Phasing and double throw switches are mentioned elsewhere.

Do you have the same kind of switches on other sections of the layout? Do all locos have the same problem? Some of my locos short out on my 1122E's. Either the uncoupler or part of the frame under the coupler hits the center rail. In either case, a piece of electrical tape solves the issue.


----------



## BigAl56 (Dec 14, 2011)

Your transformers are probably out of phase. Unplug one of the transformers and turn the plug around 180 degrees then plug it back in. That should fix the problem.


----------



## gunrunnerjohn (Nov 10, 2010)

Yep, top suspect is phasing. Note that you're also pushing the full current through the pickups of the locomotive crossing the boundary, if you do that a few more times you're liable to melt some wiring insulation inside the locomotive!


----------



## Cape T/A (Aug 15, 2012)

Would it also cause a problem if the engine has 2 pick up points and one is on the outer loop while the other is on the inner loop?


----------



## gunrunnerjohn (Nov 10, 2010)

If there are widely different voltages, you sometimes get a spark, but usually if the transformers are phased properly, you get minimal current flow even if the voltages are a bit different.


----------



## tjcruiser (Jan 10, 2010)

Catching up to the thread on my end, but my first thought was phasing, too, as you guys duly noted, above. Flig a plug!!!


----------



## BigAl56 (Dec 14, 2011)

> Would it also cause a problem if the engine has 2 pick up points and one is on the outer loop while the other is on the inner loop?

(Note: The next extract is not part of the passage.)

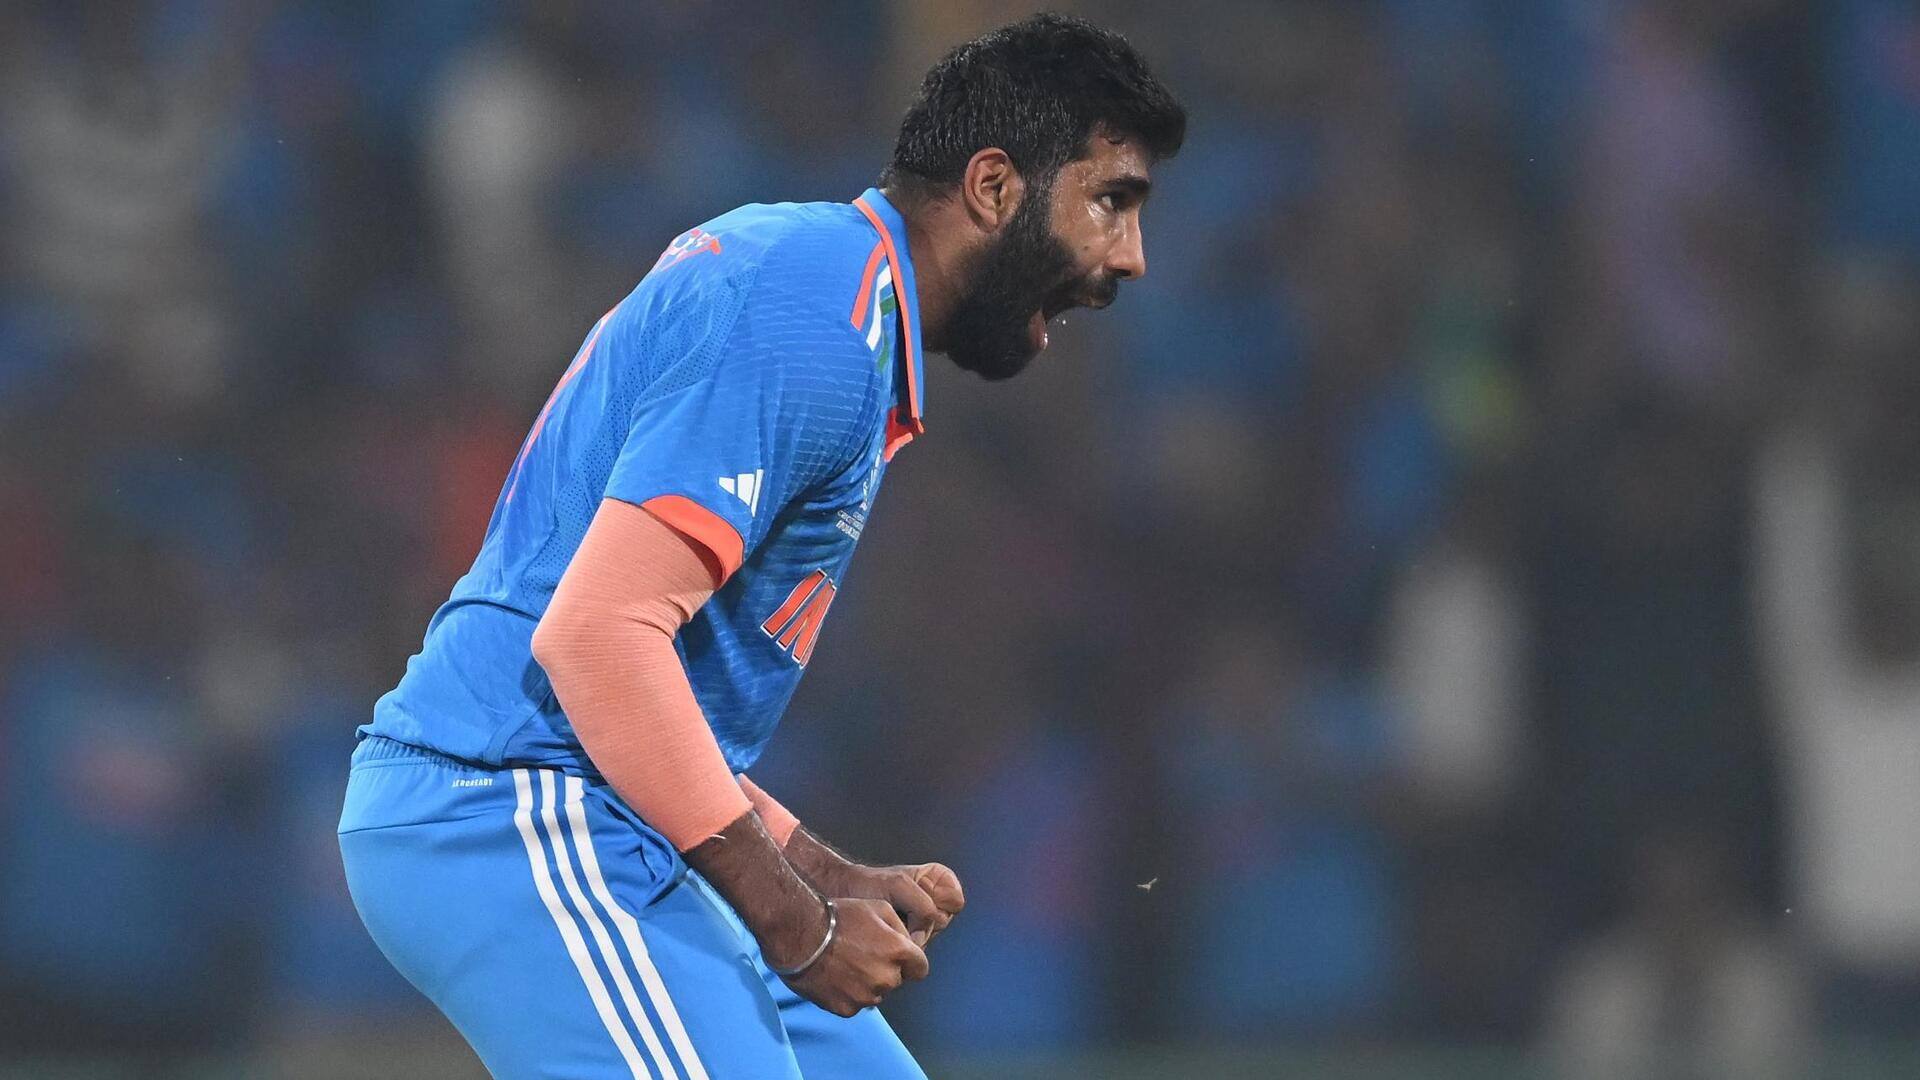 भारत बनाम इंग्लैंड: जसप्रीत बुमराह की शानदार गेंदबाजी, चटकाए 3 विकेट

Yes. If the transformers are out of phase that would create a dead short and probably melt wiring inside the engine.


----------



## Cape T/A (Aug 15, 2012)

But if the transformers phases are the same would it cause a problem?


----------



## gunrunnerjohn (Nov 10, 2010)

If the transformers are phased properly, it's not a major issue. As long as the two transformers powering the loops are not set to widely different voltages, there will be minimal current flowing between them. This is a normal happening with multiple power districts when transitioning between them.


----------



## BigAl56 (Dec 14, 2011)

Phasing transformers allows you to cross between them without damaging and shorting out the layout and trains.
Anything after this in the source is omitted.